The Chinese fleet was deployed into a northern group of eight ships and a southern group of three ships, with the French squadron lying in between. The wooden corvette Yangwu, the wooden gunboat Fuxing, the armed transport Fupo, the Rendel flatiron gunboats Jiansheng and Fusheng and the small paddle steamer Yixin were deployed on the northwest curve of the river, between the French ships and the Foochow Navy Yard. A little behind them lay the unarmed transports Yongbao and Chenhang, anchored just off the dockyard. The role of this northern group of ships was obviously to prevent the French from attacking the Navy Yard. Meanwhile, the armed wooden transports Ji'an and Feiyun and the wooden gunboat Zhenwei lay downstream of the French squadron, dangerously isolated on the southwesterly leg of the river, in front of the Customs building. Their job seems to have been to protect the Customs building and to block Courbet's exit from the Min River.

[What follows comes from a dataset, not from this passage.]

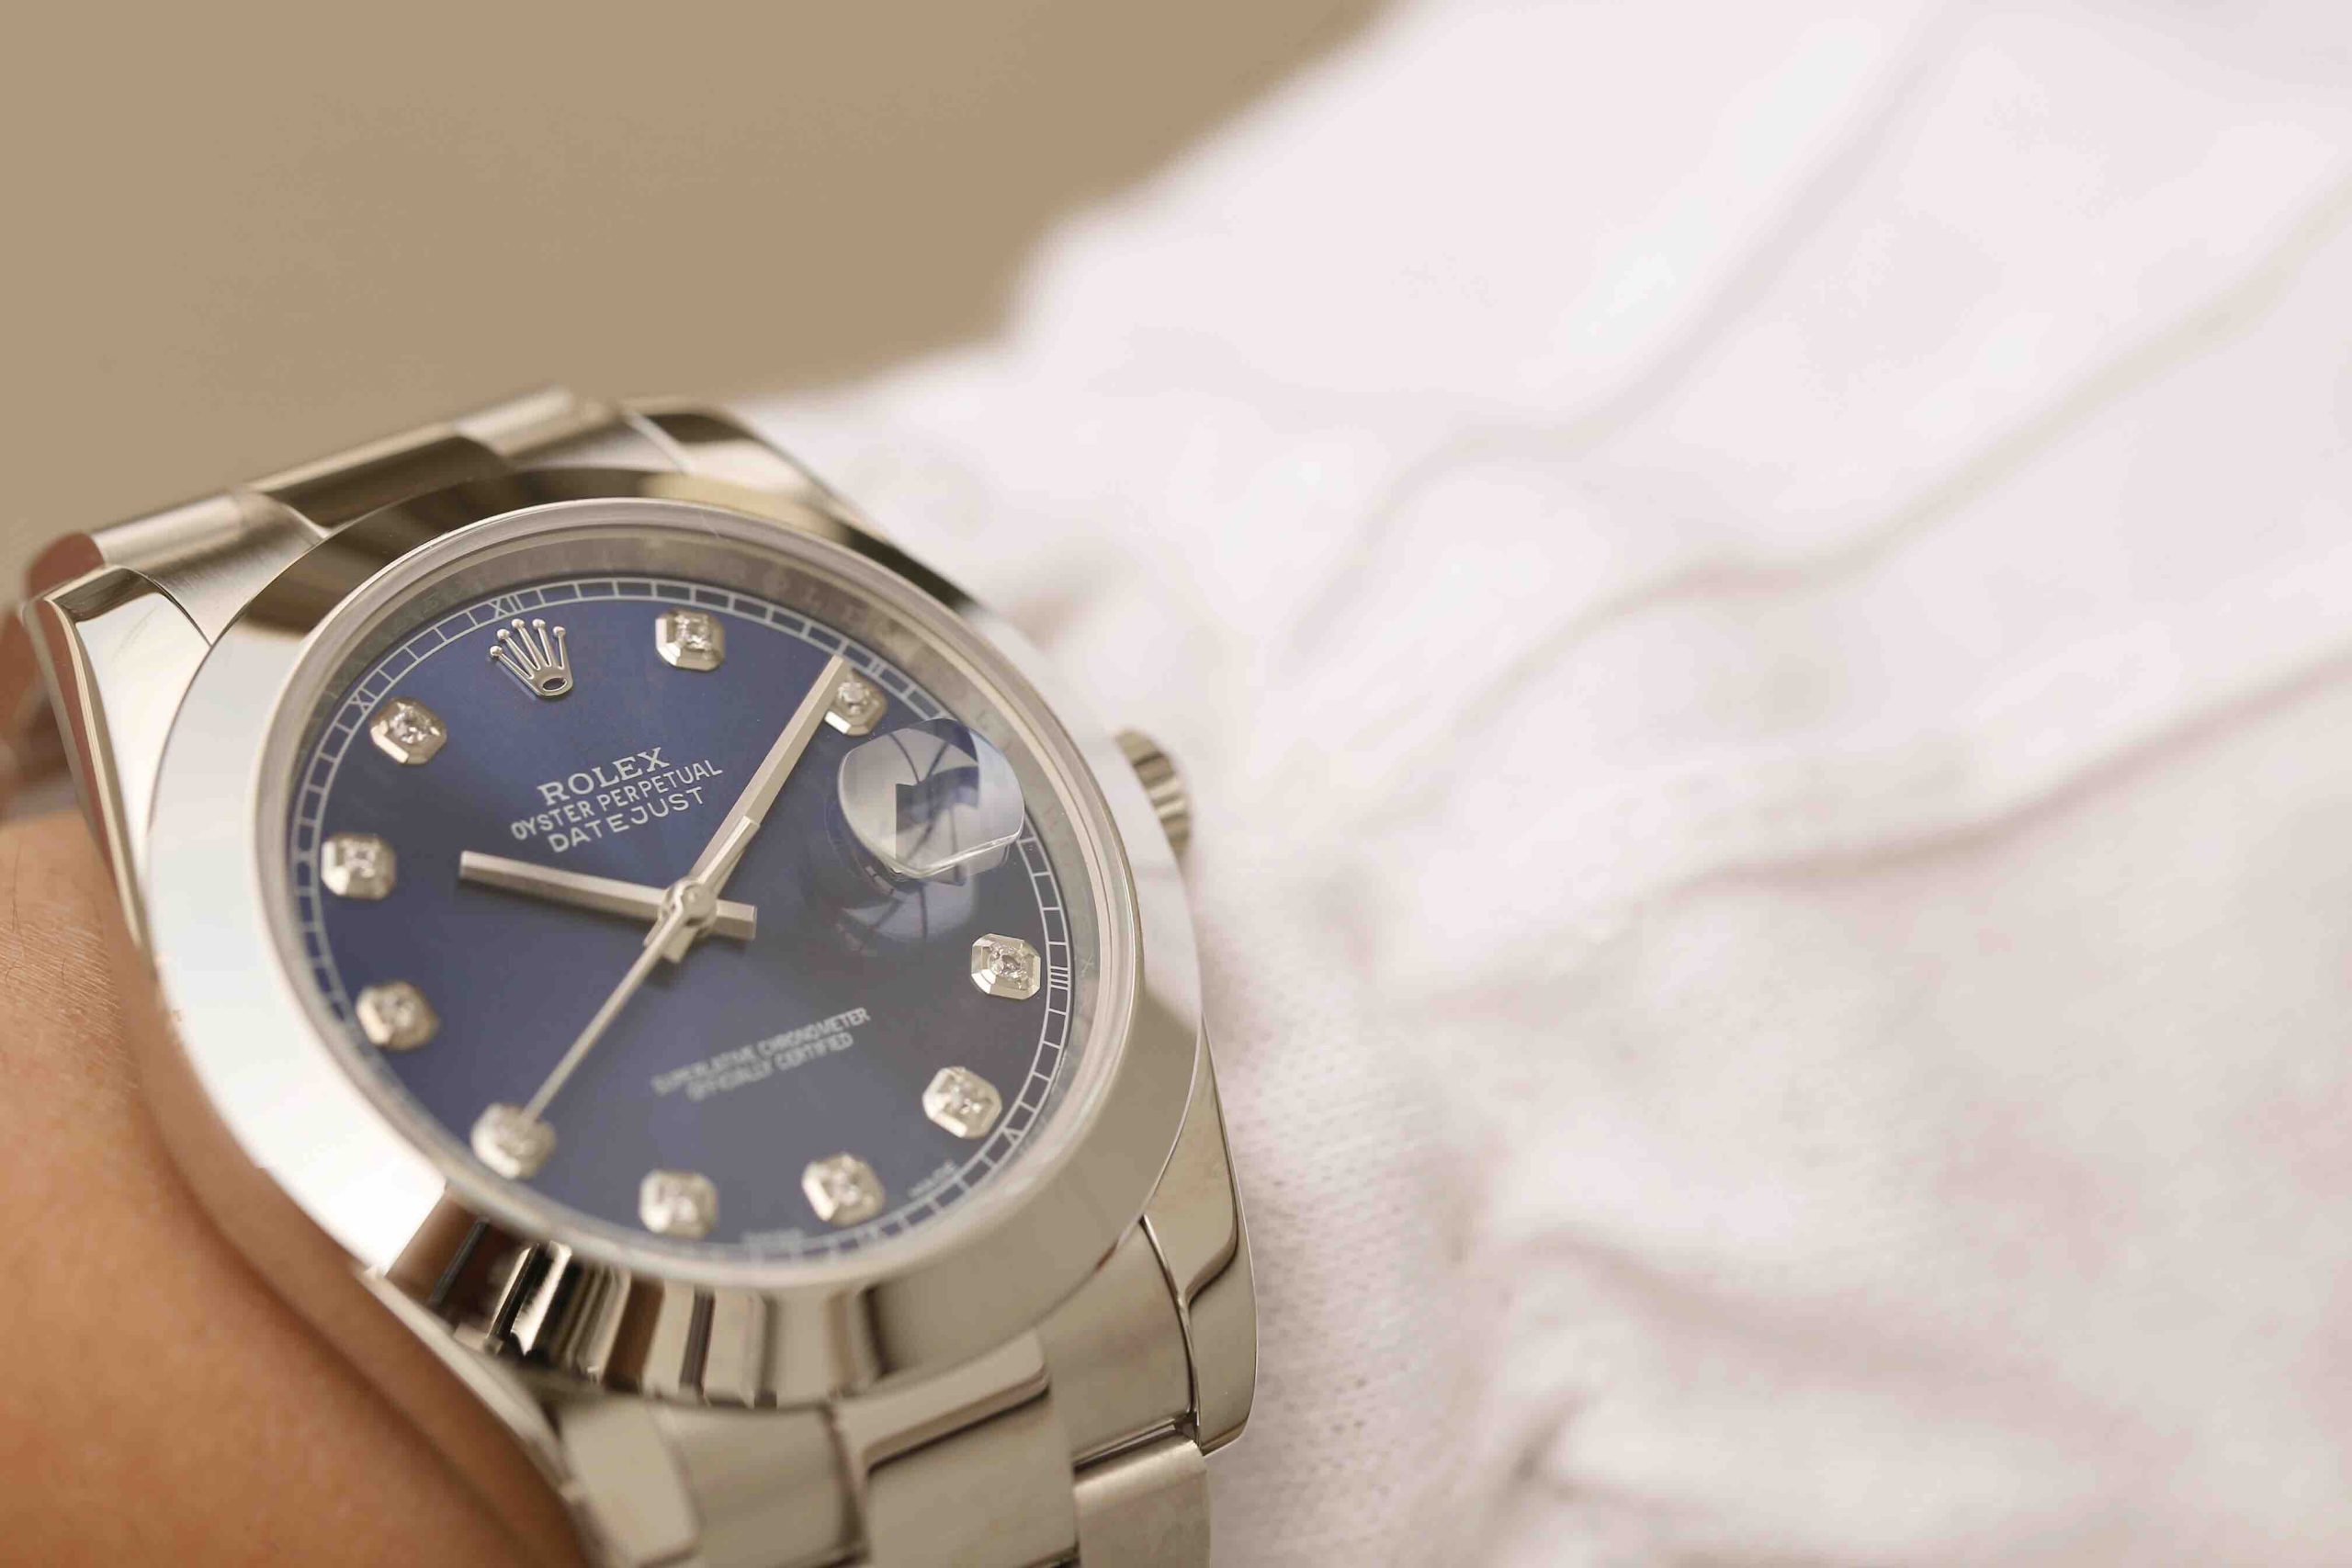 2023060703044730 scaled - 高仿手錶藍鉆勞力士日誌 ew廠日誌3235機芯126300￥2780

Courbet's plan provided for overwhelming firepower to be deployed against the Chinese fleet. He had noticed that the Chinese ships swung with the tide, and determined to make his attack just before the top of the tide at 2:00 pm on the following afternoon, Saturday 23 August, when with luck the Chinese ships would have swung away from the French ships and would be presenting their vulnerable sterns to the attackers. This timing was also important for another reason. If Triomphante successfully ascended the Min River, it was about then that she would be making her appearance.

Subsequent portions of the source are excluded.